The expression in the picture contains kets only. Kets represent states of a system. In this case, the "alive" state is the first one and the "dead" state the second.

The numerical factors are there for normalisation. It is assumed both states are equally likely, so they have the same numerical factor. If we call the expression in the picture $|\Psi\rangle$, the inner product$^1$ (analogous to the scalar product of two vectors)

$$\langle\Psi|\Psi\rangle = \int{\Psi^*(\vec{r})\Psi(\vec{r})d\vec{r}}$$

should be equal to $1$. This is because we interpret the wavefunction $\Psi(\vec{r})$ as a probability amplitude distribution and hence the scalar product of the wavefunction with itself as a probability distribution. Integrating a probability distribution over the entire space (I used the position space here, but you could just as well integrate over an abstract state space for example) should always give $1$, due to the nature of probability theory. This expresses the idea that the system (cat) must be in some state.

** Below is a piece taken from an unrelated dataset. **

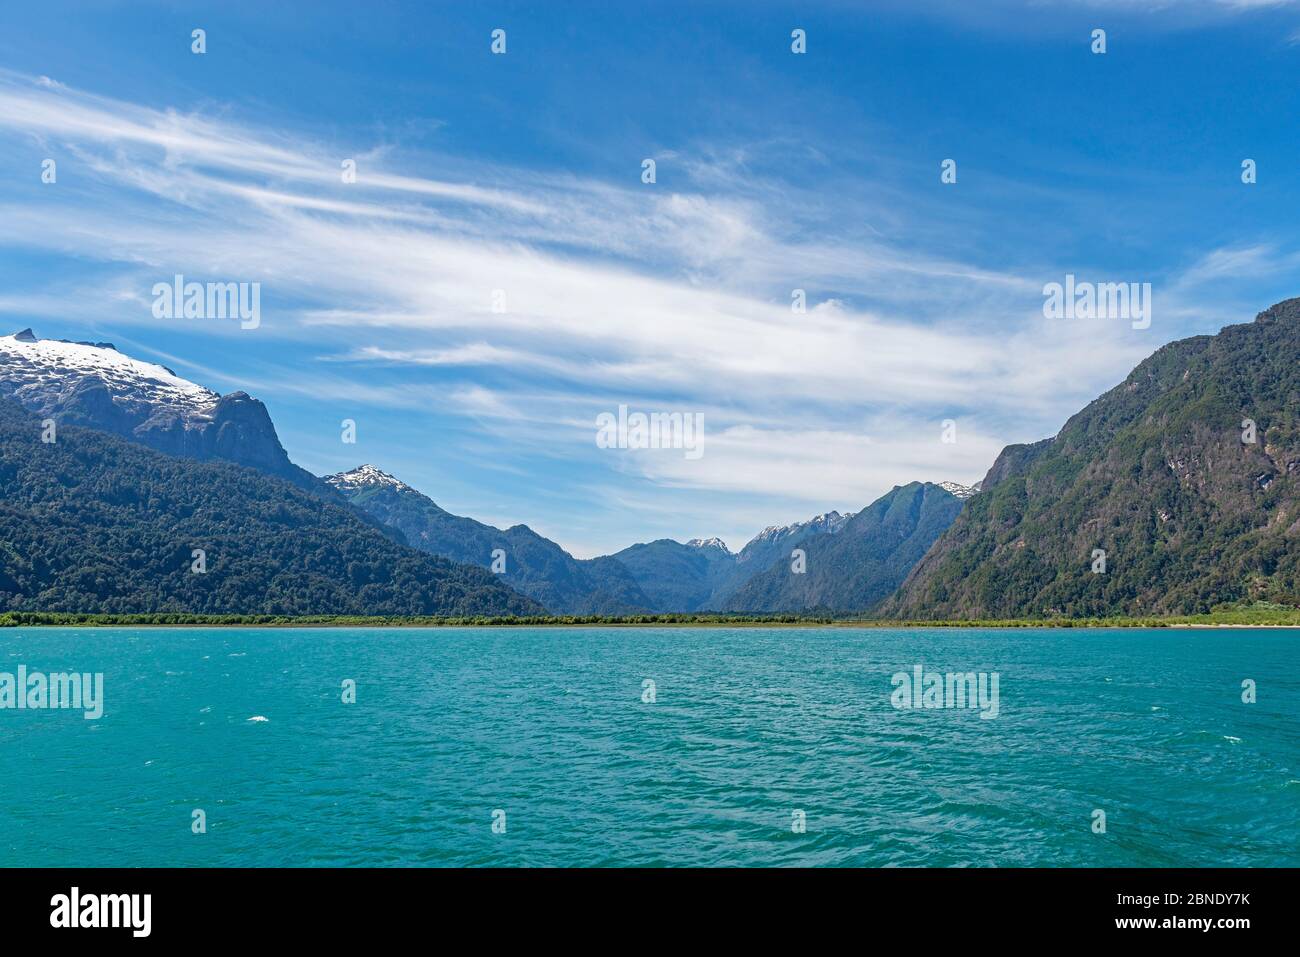 Lago All Saints (Lago Todos los Santos) nel Distretto dei Laghi cileno vicino a Puerto Varas e Puerto Montt, Cile. Foto Stock

Now, there's a problem with this expression and that problem is also the resolution of the issue associated with Schrödinger's cat (the criticism that according to QM the cat would be both dead and alive at the same time). And that is that the cat is not a quantum system. A common mistake is that a conscious observer is needed for the "collapse" of the wavefunction, as it is described in the Copenhagen interpretation. This is not true. The cat will not be in a superposition of both dead and alive but in one particular state (see also decoherence).


$^1$ Some more information on the inner product $\langle\Psi|\Psi\rangle$.

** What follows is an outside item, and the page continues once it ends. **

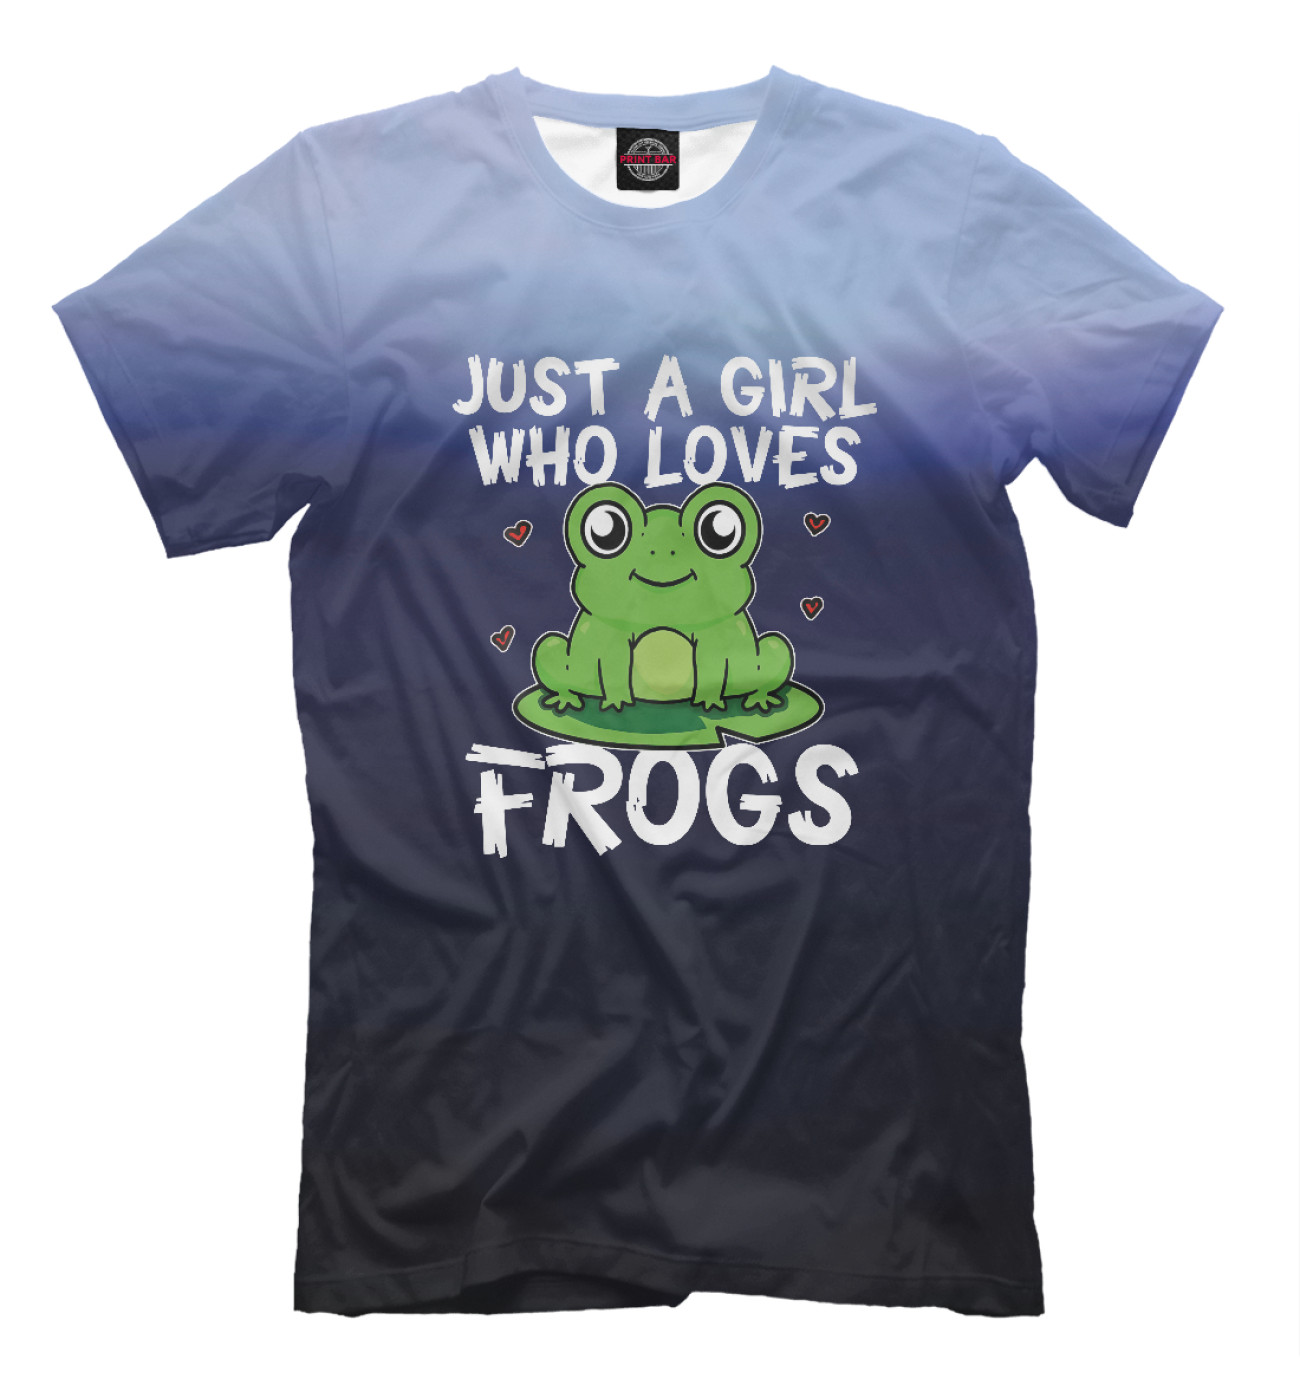 Мужская Футболка Just A Girl Who Loves Frogs, артикул: FRO-941007-fut-2

Let's consider a general ket in some state space $\mathcal{V}$ (which is just a special kind of vector space and kets are special column vectors), say $|a\rangle$. Let's assume the dimension $d$ of this space is finite. It doesn't have to be, but it makes things conceptually easier to understand. Because then a finite basis $|e_i\rangle$ (with $i = 1\ldots d$) exists for this vector space, meaning we can write every ket in $\mathcal{V}$ as

$$|a\rangle = \sum_{i}^{d}{a_i|e_i\rangle}.\quad\quad(1)$$

For a ket space of infinite dimension (like position space) this sum becomes an integral.

Now we can construct a dual vector space $\mathcal{V^*}$ which contains all the linear functions $f(|a\rangle)$ mapping the kets in $\mathcal{V}$ to the complex numbers $\mathbb{C}$. We denote these functions as $\langle f|$ and call them bra's. You can think of these bra's as row vectors. The common notation therefore isn't $f(|a\rangle)$ but rather $\langle f|a\rangle$, a bra-ket, which can in turn be seen as a scalar (inner) product between a row vector and a column vector.

The elements of $\mathcal{V}^*$ are constructed in a special way. We choose the basis $\langle e_i|$ for this dual space such that for every $\langle e_i|$ it holds that $\langle e_i|a\rangle = a_i^*$ and therefore $\langle e_i|e_j\rangle = \delta_{ij}$ (orthonormality property). This allows us to associate a single bra $\langle a|$ with each ket $|a\rangle$ as follows

$$\langle a| = \sum_{i}^{d}{a_i^*\langle e_i|}.\quad\quad(2)$$

Again this sum becomes an integral if we consider a continuous label such as position instead of the discrete $i$'s.

Now the inner product of two kets in $\mathcal{V}$ is defined as

$$\left(|a\rangle\right) \cdot \left(|b\rangle\right) \equiv \langle a|b\rangle$$

which can be rewritten using $(1)$, $(2)$ and the orthonormality property, yielding:

$$\langle a|b\rangle = \sum_{i}^{d}{a_i^*b_i}$$

where the sum again becomes an integral in e.g. position space, recovering the expression I used above.

The difference between an expression of the form $\langle a|b\rangle$ and one of the form $c|b\rangle$ should now also be clear. In the first case we actually have a function $\langle a|$ with the ket $|b\rangle$ as its argument, the result of which is a complex number. In the second case we have a (possibly complex) number $c$ in front of a ket $|b\rangle$, the result of which is still a ket. And this ket still represents the same state as long as $c$ is a constant.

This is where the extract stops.